Hello everyone! I would need a legal advise or some info who could help with my issue. I have worked in Portugal up to June this year. My employer was my partner. Now after our separation he still did not give me payment slips for last 6 months and I really need them for some of the institutions as well as for tax declaration. I am really desperate because I have been contacting him for the past 3 months and he is just messing around. I do not know what to do. I believe it his duty to provide all the paperwork. What Portuguese institution shall I contact or could help me? Is there something to protect the employees? Thank you in advance!


----------



## canoeman (Mar 3, 2011)

How where you employed? contract, self employed? will affect what payment slips you should have, your rights and probably who you complain too.

You can start the ball rolling or apply pressure on him by checking whether your Social Security payments where made.
I believe this is correct Form to use, you can complete online print and then either post or e-mail to your Social Security office in Portugal

http://195.245.197.196/preview_formularios.asp?r=7381&m=PDF


----------



## Algarve (Mar 30, 2011)

Welya said:


> Hello everyone!
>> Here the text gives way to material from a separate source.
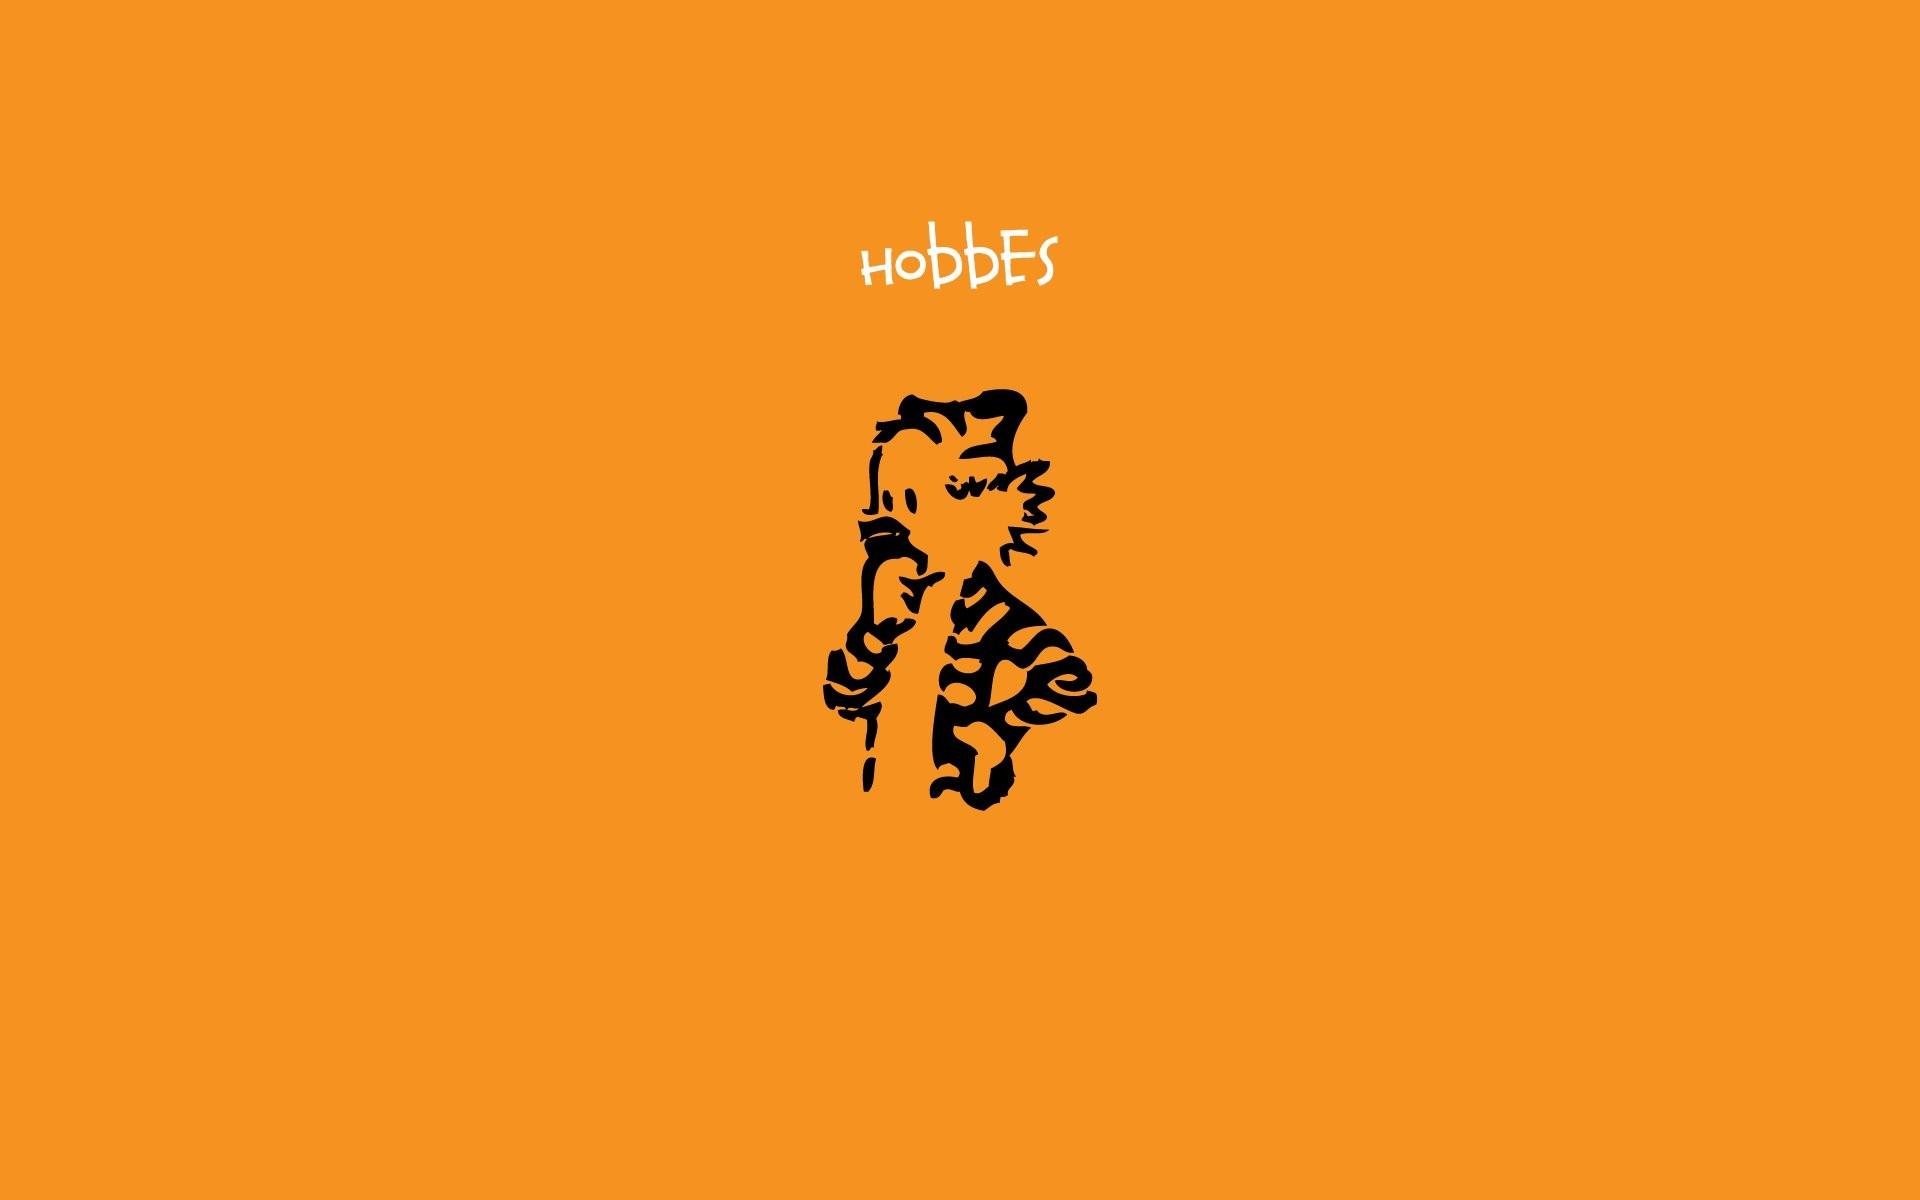 Comics – Calvin & Hobbes Hobbes (Calvin & Hobbes) Wallpaper
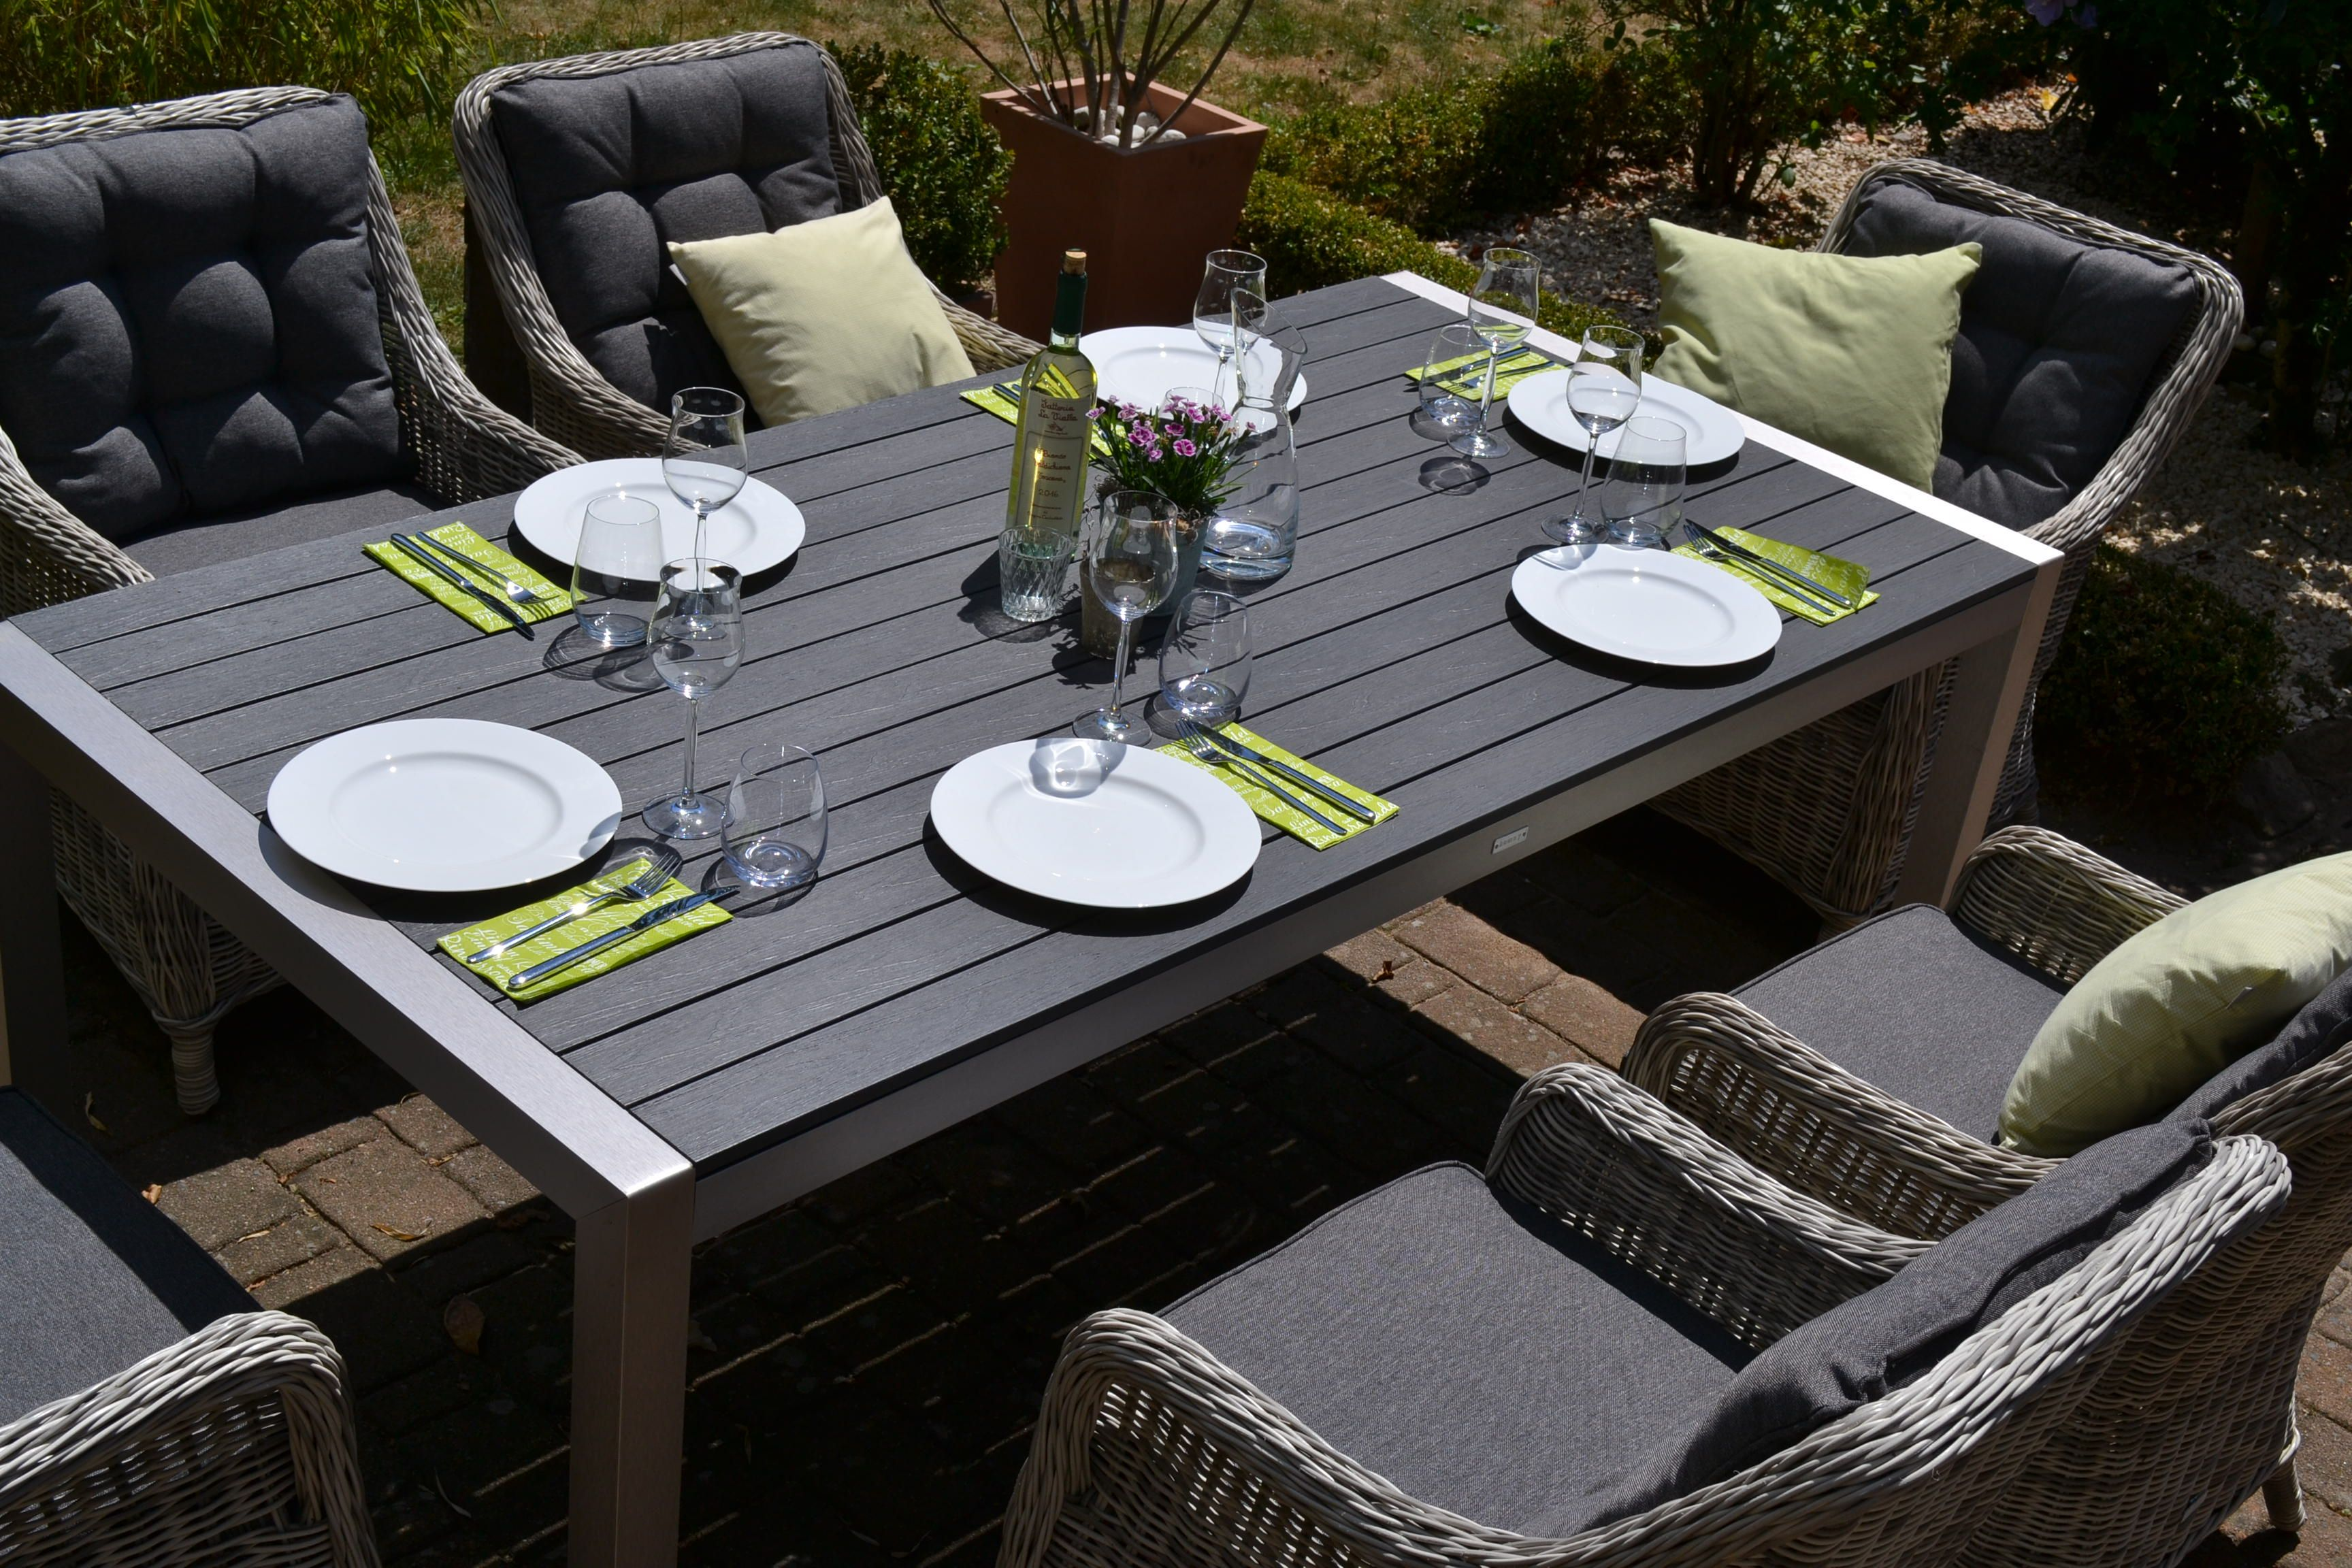 Sitzgruppe Miami 200x100cm Mit 6 Sesseln Grau Polster Grau Sitzgruppe Sessel Grau Gartenmobel

I would need a legal advise or some info who could help with my issue. I have worked in Portugal up to June this year. My employer was my partner. Now after our separation he still did not give me payment slips for last 6 months and I really need them for some of the institutions as well as for tax declaration. I am really desperate because I have been contacting him for the past 3 months and he is just messing around. I do not know what to do. I believe it his duty to provide all the paperwork. What Portuguese institution shall I contact or could help me? Is there something to protect the employees? Thank you in advance!


you could try the following Portal do Cidadão - Página Inicial it is a bit like a citizens advice an funded by the Portuguese Gov.


----------



## Algarve (Mar 30, 2011)

Also I would request the payslips from your EX in writing and send it registered post, if no joy send it again 14 days later, then when you are questioned, you have proof that you have complied and your employer has failed to supply your request, this would be in your favor should you need to take further action, make a copy of the request you are sending


----------



## Welya (Sep 14, 2012)

Algarve said:


> Also I would request the payslips from your EX in writing and send it registered post, if no joy send it again 14 days later, then when you are questioned, you have proof that you have complied and your employer has failed to supply your request, this would be in your favor should you need to take further action, make a copy of the request you are sending


Thank you! Will do it that way as well.


----------



## siobhanwf (Mar 20, 2009)

Unfortunately to onus is on the employee not the employer to make sure that Social Security has been paid here in Portugal.

This is something my neighbour has found to her cost. Their house was repossed by the Finanças three months ago 

Her husband`s employer had not paid the dues for the past 11 years!!!


----------



## paramonte (Sep 9, 2007)

ACT - Autoridade para as Condições do Trabalho


----------



## Welya (Sep 14, 2012)

Hello Everyone! Just would like to share good news - I have received my payslips. I am very happy about it. There are still some other things to be sorted out, but at least something has moved forward.


----------